Science fiction has had brains on the brain at least since Dr. Frankenstein installed one in his monster. Over the years science fiction has depicted technologies like mind control (in Star Trek, for example), instant learning (The Matrix), telepathy (Robert Heinlein’s Time for the Stars), and transferring memories and skills (The Dollhouse). While some of these technologies may eventually prove to be possible, others are extremely unlikely to ever work based on what we now know about the brain—because our own minds are much stranger territory than we ever used to imagine they were.

Downloading Memories, Viewing Memories and Total Recall

The common assumption about how memory works is that it’s like a video camera. This shows up in science fiction accounts of retrieved memories as well as in our legal system (“tell the court exactly what happened. Was the man you saw wearing a green tie?”). According to the video camera analogy, we store every detail of everything we perceive, and when we want to use the memories, we replay them on a mental screen. If this idea is accurate, it seems reasonable that someday we might be able to transfer memories from people’s heads onto digital media. We could also access any detail of anything that has ever happened to someone just by looking at the right spot in the person’s memory.


Photo: Center for Research into Biological Systems, UCSD

However, as research has revealed in recent years, our memories don’t work like video cameras at all. Instead, our brains identify the most novel or important elements of what we perceive and store those elements in locations scattered throughout the brain, while everything else is discarded. Even a momentary image we retain isn’t stored as one piece.

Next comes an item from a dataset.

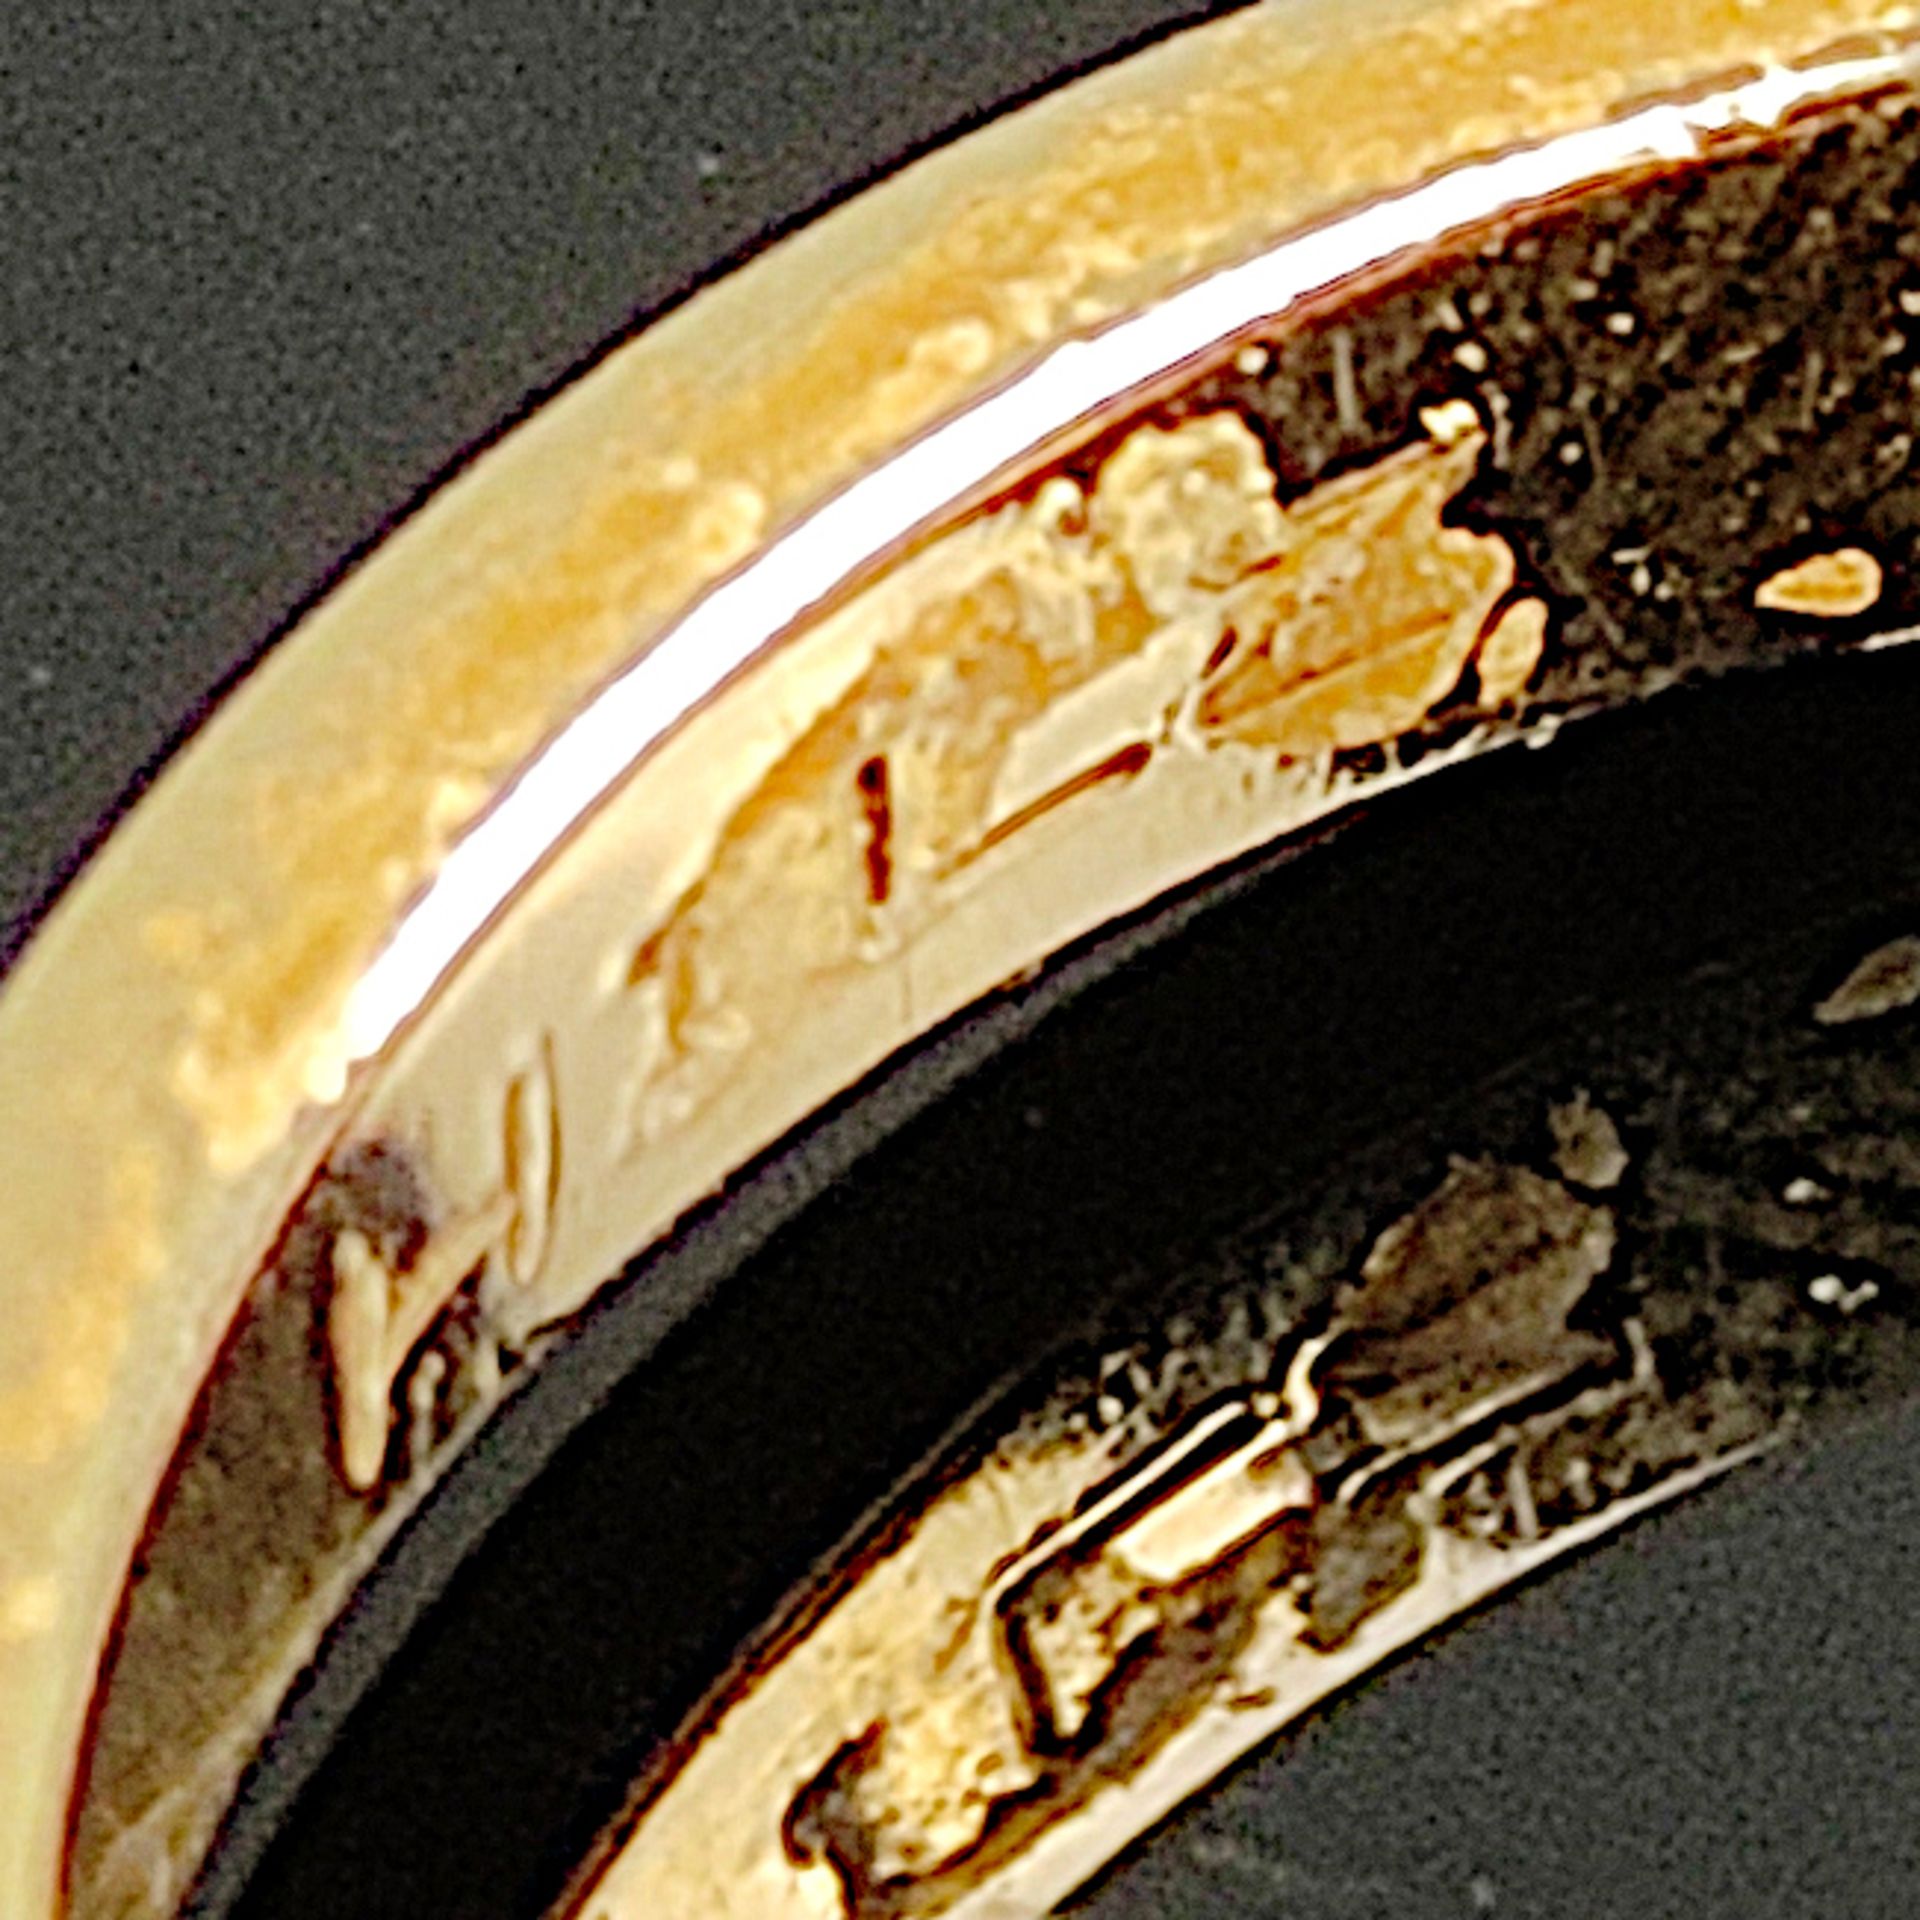 Diamant Ring, 750/18K Gelbgold (punziert), 3,52g, mittig Diamant um 0,43ct., beidseitig je 2 Diaman - Bild 4 aus 4

In his book Brain Rules, developmental molecular biologist John Medina says: “If you look at a complex picture, for example, your brain immediately extracts the diagonal lines from the vertical lines and stores them in separate areas. Same with color. If the picture is moving, the fact of its motion will be extracted and stored in a place separate than if the picture were static.”

If that’s the case, you might well wonder why you can vividly remember every detail of playing Monopoly with your cousin when you were twelve, or a toast at a wedding you went to last week. The answer, disturbingly, is that our brains make up details to complete the picture. Harvard psychology professor Daniel Gilbert puts it this way in his book Stumbling on Happiness: “ . . . information acquired after an event alters memory of the event . . . First, the act of remembering involves ‘filling in’ details that were not actually stored; and second, we generally cannot tell when we are doing this because filling in happens quickly and unconsciously.”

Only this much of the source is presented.